- City: Humphrey, Ontario, Canada
- League: Ontario Junior Hockey League
- Operated: 2005-2010
- Home arena: Humphrey Community Centre
- Colours: Yellow, Black, and White
- General manager: Mike Murrell
- Head coach: Mark Catron
- Affiliates: Midland Flyers (GMOHL)

= Seguin Bruins =

The Seguin Bruins were a Junior "A" ice hockey team from the greater Parry Sound area, created in 2005. The Bruins were based in the village of Humphrey, in Seguin Township, Ontario, Canada. They were a part of the Central Canadian Hockey League.

==History==
After the Parry Sound Shamrocks became defunct in 2002, the Bruins were created in 2005 to be the new Junior "A" ice hockey team in Parry Sound.

The Bruins were below .500 in their first season, however they were able to make the playoffs where they lost in the conference quarter final to the eventual conference champion Stouffville Spirit.

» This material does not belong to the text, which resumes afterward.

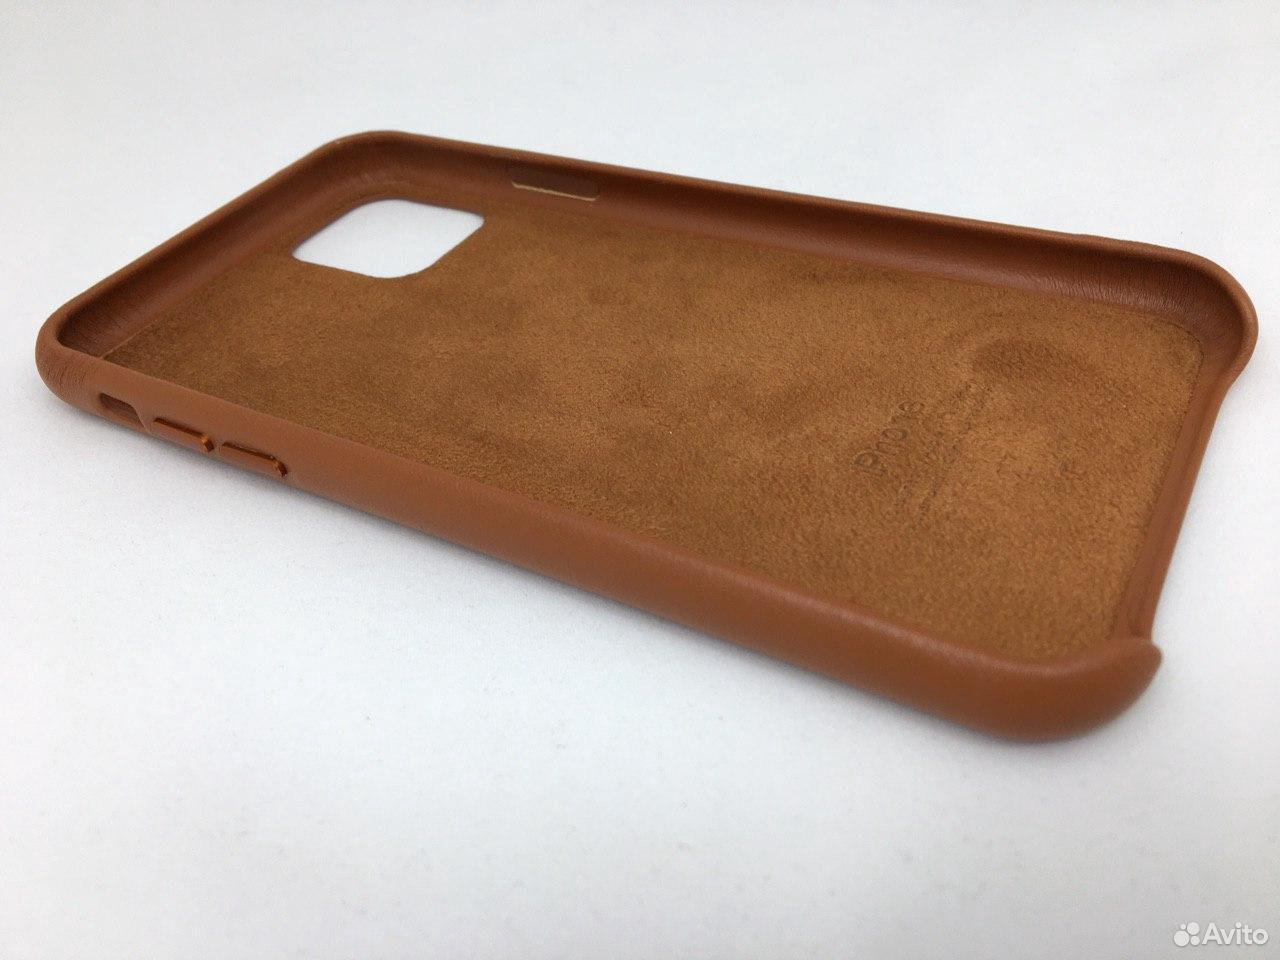 Кожаный чехол Leather Case Apple iPhone 11 Brown  89112002770 купить 5

Seguin's first regular season game took place at home on September 11, 2005 against the Couchiching Terriers. The game ended up being a 6-5 loss for the Bruins. Thomas Speer was the goaltender in the Bruins' first game. The Bruins' first win came on October 2, 2005 as a 5-0 shutout against the Collingwood Blues. Jonathan Porretta picked up both the franchise's first win and shutout in net stopping all 33 shots.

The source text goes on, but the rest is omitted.